Input data >>
┄┄┄┄┄┄
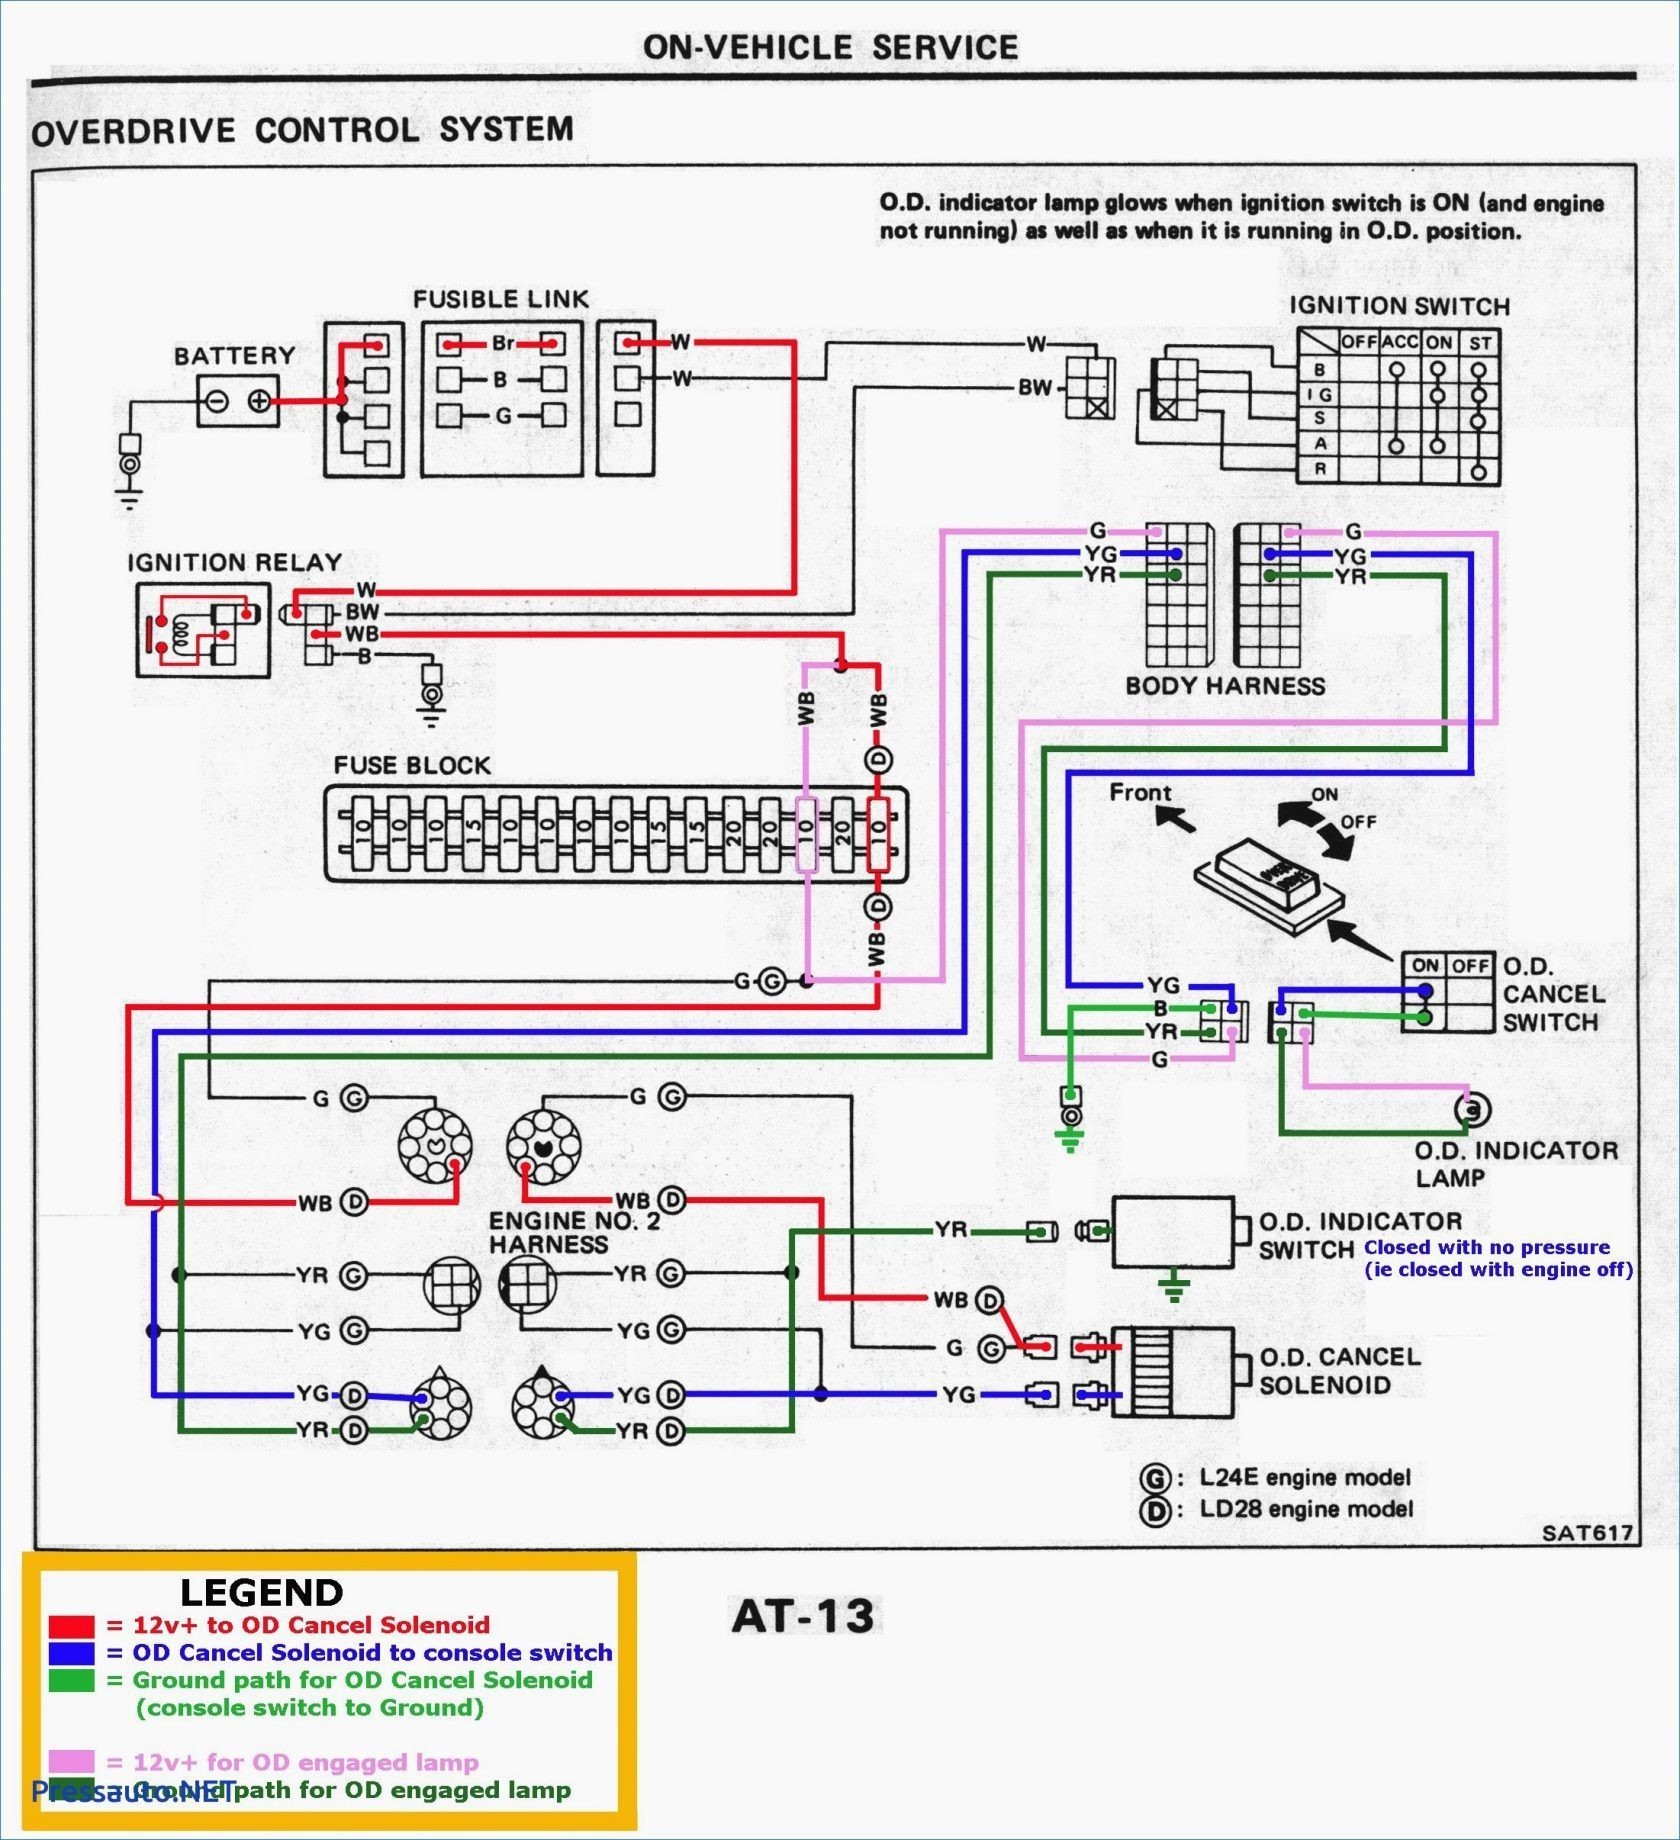 Honda Accord Parts Diagram 97 Honda Accord Engine Diagram Of Honda Accord Parts Diagram
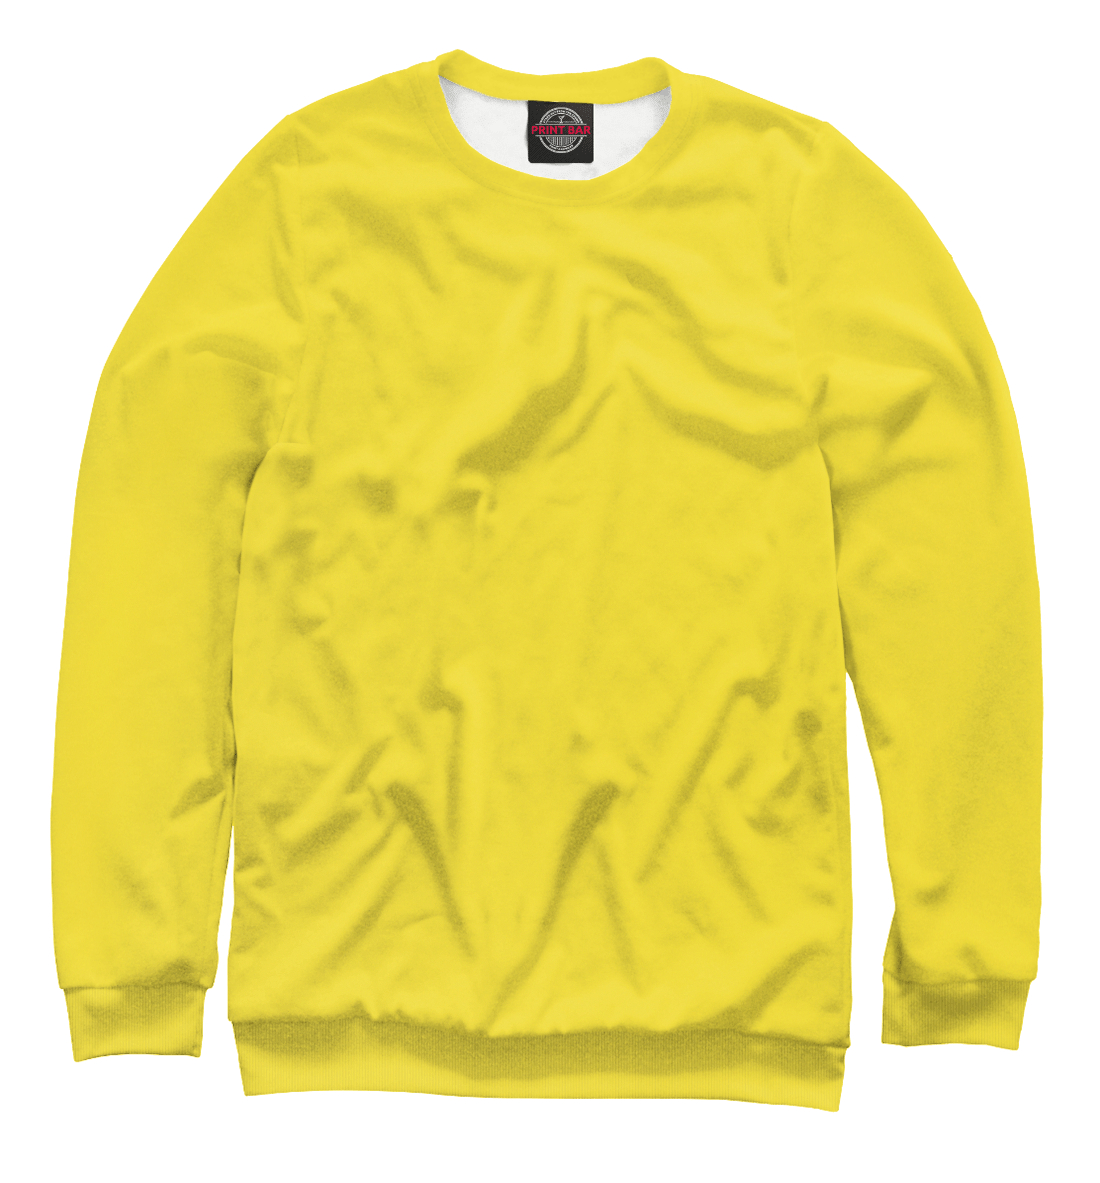 Детский Свитшот Цвет Рапсово-желтый для мальчиков, артикул CLR-692519-swi-2mp
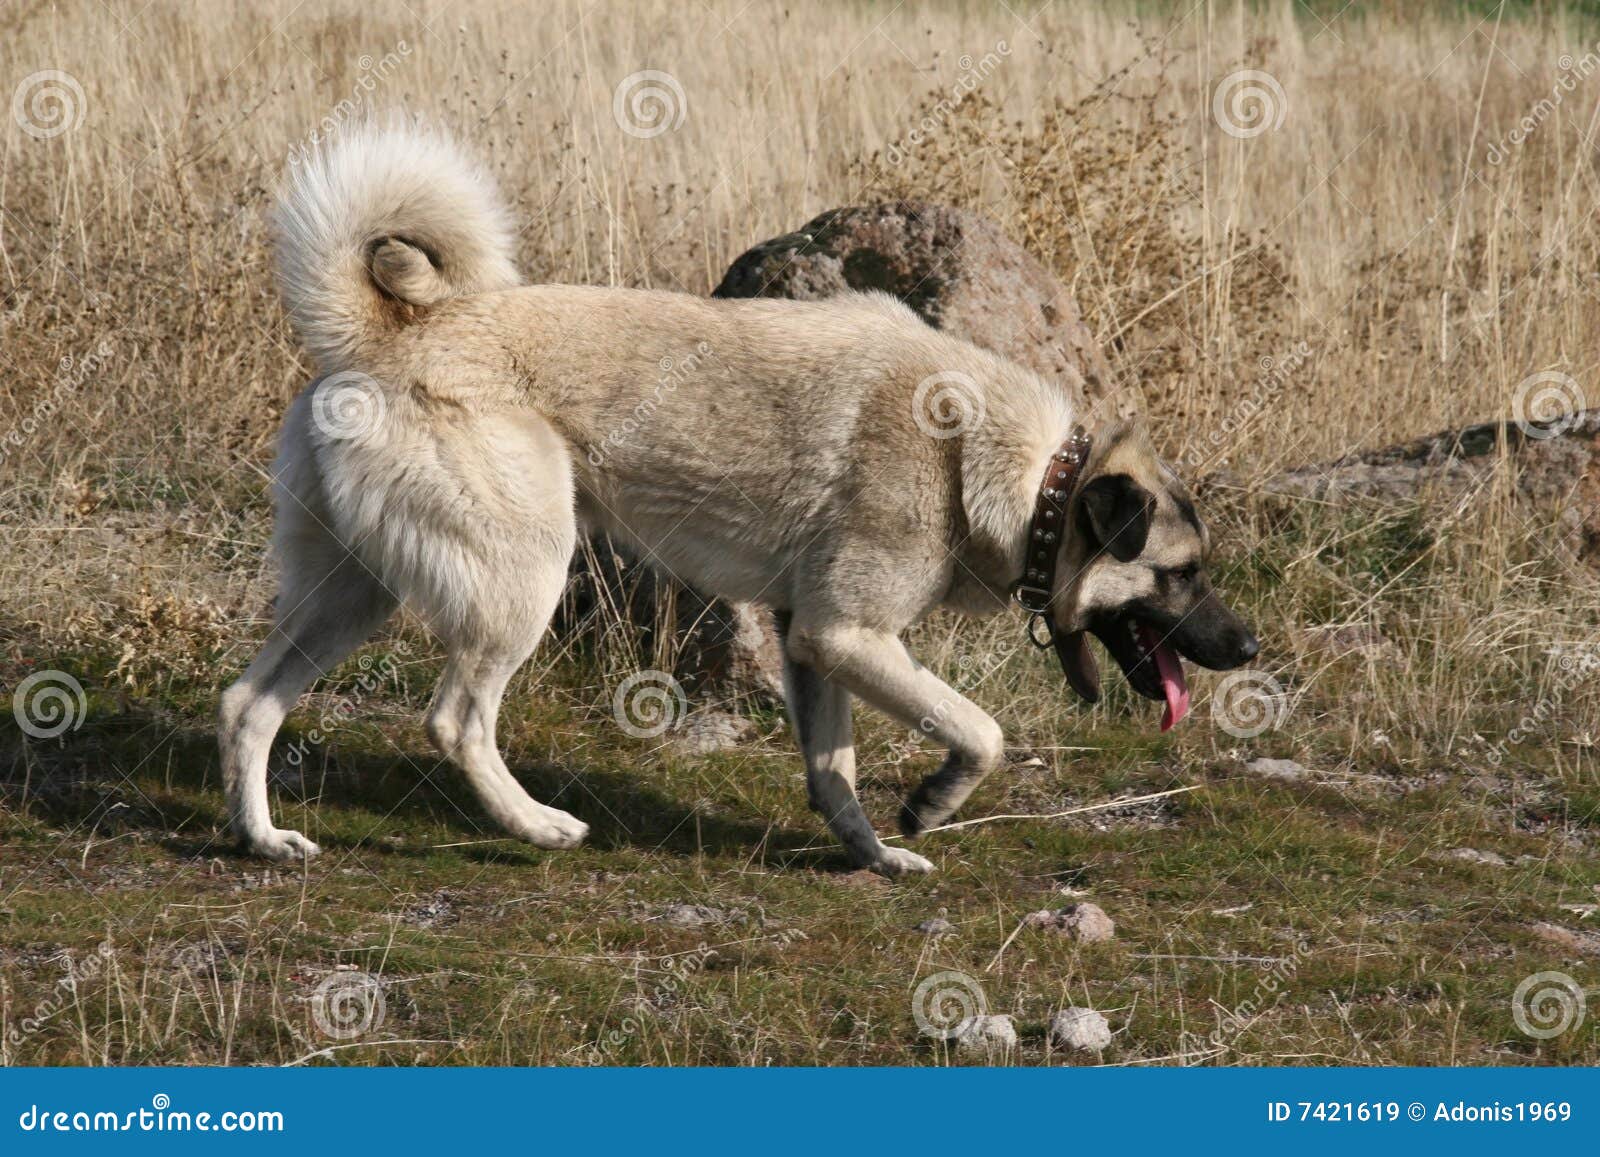 anatolian shepherd dog kangal
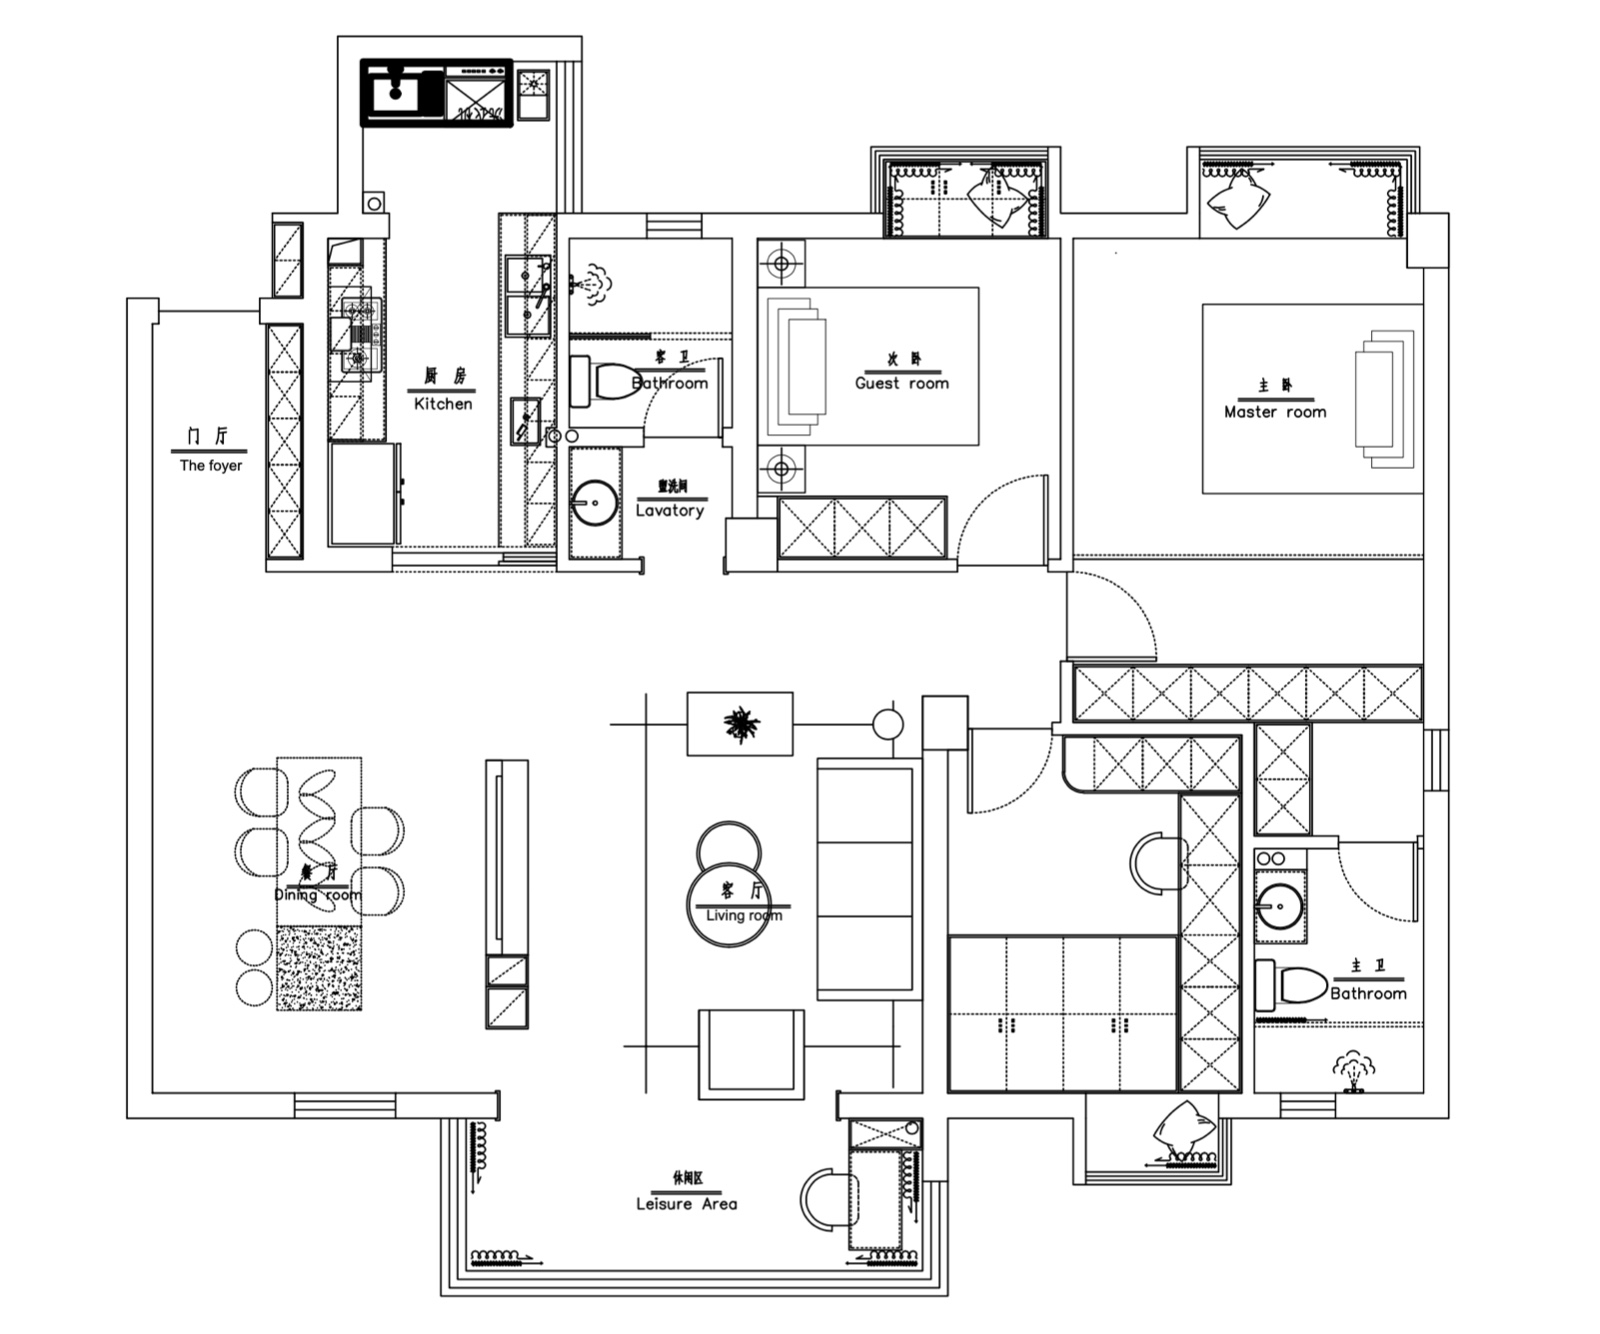 122混搭三房装修效果图,温馨家园-混搭极简装修案例效果图-美广网
┄┄┄┄┄┄
Write out the data word for word. Any picture is to be skipped.

 Honda Accord Parts Diagram 97 Honda Accord Engine Diagram Of Honda Accord Parts Diagram
 Детский Свитшот Цвет Рапсово-желтый для мальчиков, артикул CLR-692519-swi-2mp
 anatolian shepherd dog kangal
 122混搭三房装修效果图,温馨家园-混搭极简装修案例效果图-美广网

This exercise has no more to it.